THE PROBLEM:
Please give back the listing exactly as it reads.

EXCERPTED DATA:
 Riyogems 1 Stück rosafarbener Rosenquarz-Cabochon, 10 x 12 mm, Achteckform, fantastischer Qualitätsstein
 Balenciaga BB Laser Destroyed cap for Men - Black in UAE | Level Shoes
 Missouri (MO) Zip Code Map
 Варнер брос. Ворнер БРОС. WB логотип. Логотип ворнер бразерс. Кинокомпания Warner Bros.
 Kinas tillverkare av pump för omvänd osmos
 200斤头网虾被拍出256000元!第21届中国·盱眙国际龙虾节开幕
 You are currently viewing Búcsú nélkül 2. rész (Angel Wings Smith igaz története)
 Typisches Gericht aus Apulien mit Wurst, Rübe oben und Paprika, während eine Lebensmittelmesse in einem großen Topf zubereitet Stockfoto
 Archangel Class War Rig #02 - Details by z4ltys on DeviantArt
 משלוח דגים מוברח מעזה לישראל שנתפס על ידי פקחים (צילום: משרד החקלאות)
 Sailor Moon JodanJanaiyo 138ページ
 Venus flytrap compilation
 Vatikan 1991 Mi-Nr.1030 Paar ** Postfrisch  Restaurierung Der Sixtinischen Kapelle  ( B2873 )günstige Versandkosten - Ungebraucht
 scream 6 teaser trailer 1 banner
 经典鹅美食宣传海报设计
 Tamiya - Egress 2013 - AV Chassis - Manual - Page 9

SOLUTION TO THIS EXERCISE:
 Riyogems 1 Stück rosafarbener Rosenquarz-Cabochon, 10 x 12 mm, Achteckform, fantastischer Qualitätsstein
 Balenciaga BB Laser Destroyed cap for Men - Black in UAE | Level Shoes
 Missouri (MO) Zip Code Map
 Варнер брос. Ворнер БРОС. WB логотип. Логотип ворнер бразерс. Кинокомпания Warner Bros.
 Kinas tillverkare av pump för omvänd osmos
 200斤头网虾被拍出256000元!第21届中国·盱眙国际龙虾节开幕
 You are currently viewing Búcsú nélkül 2. rész (Angel Wings Smith igaz története)
 Typisches Gericht aus Apulien mit Wurst, Rübe oben und Paprika, während eine Lebensmittelmesse in einem großen Topf zubereitet Stockfoto
 Archangel Class War Rig #02 - Details by z4ltys on DeviantArt
 משלוח דגים מוברח מעזה לישראל שנתפס על ידי פקחים (צילום: משרד החקלאות)
 Sailor Moon JodanJanaiyo 138ページ
 Venus flytrap compilation
 Vatikan 1991 Mi-Nr.1030 Paar ** Postfrisch  Restaurierung Der Sixtinischen Kapelle  ( B2873 )günstige Versandkosten - Ungebraucht
 scream 6 teaser trailer 1 banner
 经典鹅美食宣传海报设计
 Tamiya - Egress 2013 - AV Chassis - Manual - Page 9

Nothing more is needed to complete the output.